Tuning molecular electrophilicity on Cu catalysts to steer CO2 electroreduction selectivity

Cu is the only transition metal that can achieve electrochemical CO2 reduction (CRR) with the generation of hydrocarbons and oxygenates. However, it is still challenging to regulate CRR selectivity in a broad product distribution on Cu.

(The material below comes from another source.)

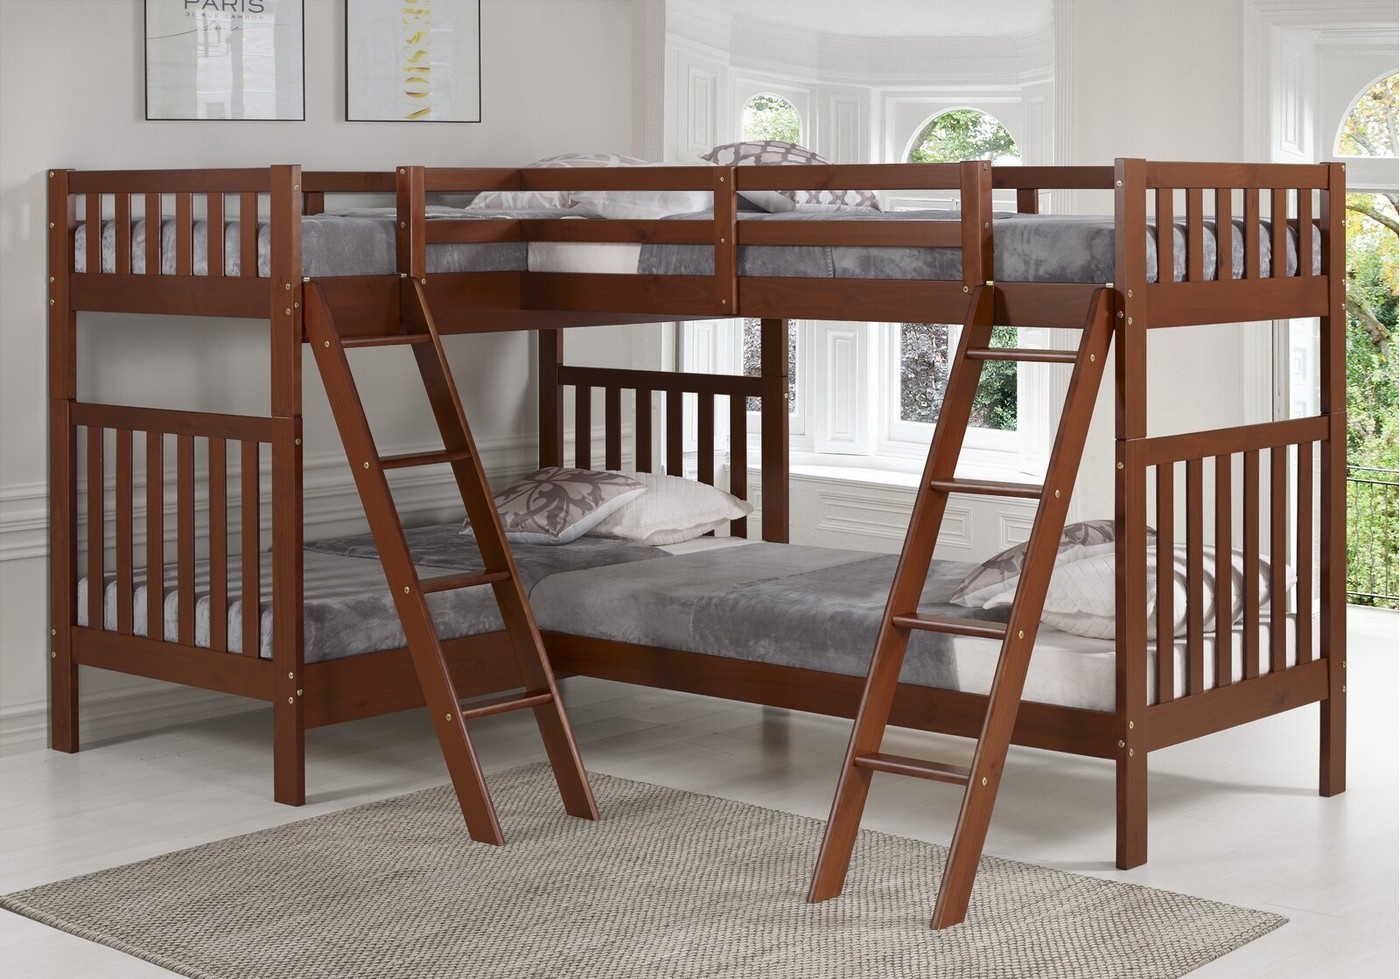 L Shaped Bunk Beds Visualhunt, L Shaped Bunk Beds Twin Over Full

Here, we selected a series of molecules with varying electrophilicity to modify Cu catalysts that achieve a high CRR selectivity towards either CH4 or C2H4. Theoretical analysis shows that molecular electrophilicity determines catalyst's proton availability, which promotes or inhibits the critical proton-coupled electron transfer (PCET) process in CRR. Consequently, the molecule with low electrophilicity (e.g., 1,2-bis(4-pyridyl)ethane) can facilitate proton transfer to hydro-genate *CO intermediates to generate CH4 with a Faradaic efficiency (FE) of 58.2%, while the molecule with high electrophilicity (e.g., trans-1,2-bis(4-pyridyl)ethylene) can build stronger hydrogen bonds to stabilize *CO for further dimerization, realizing an FE of 65.9% for C2H4. The combination of theoretical computation and in situ spectroscopic characterizations reveal that using molecular electrophilicity can tune catalyst's proton availability, thereby altering its CRR pathway of either *CO hydrogenation or *CO-*CO dimerization. This work provides new understanding of CRR selectivity by tuning the PCET process instead of materials engineering.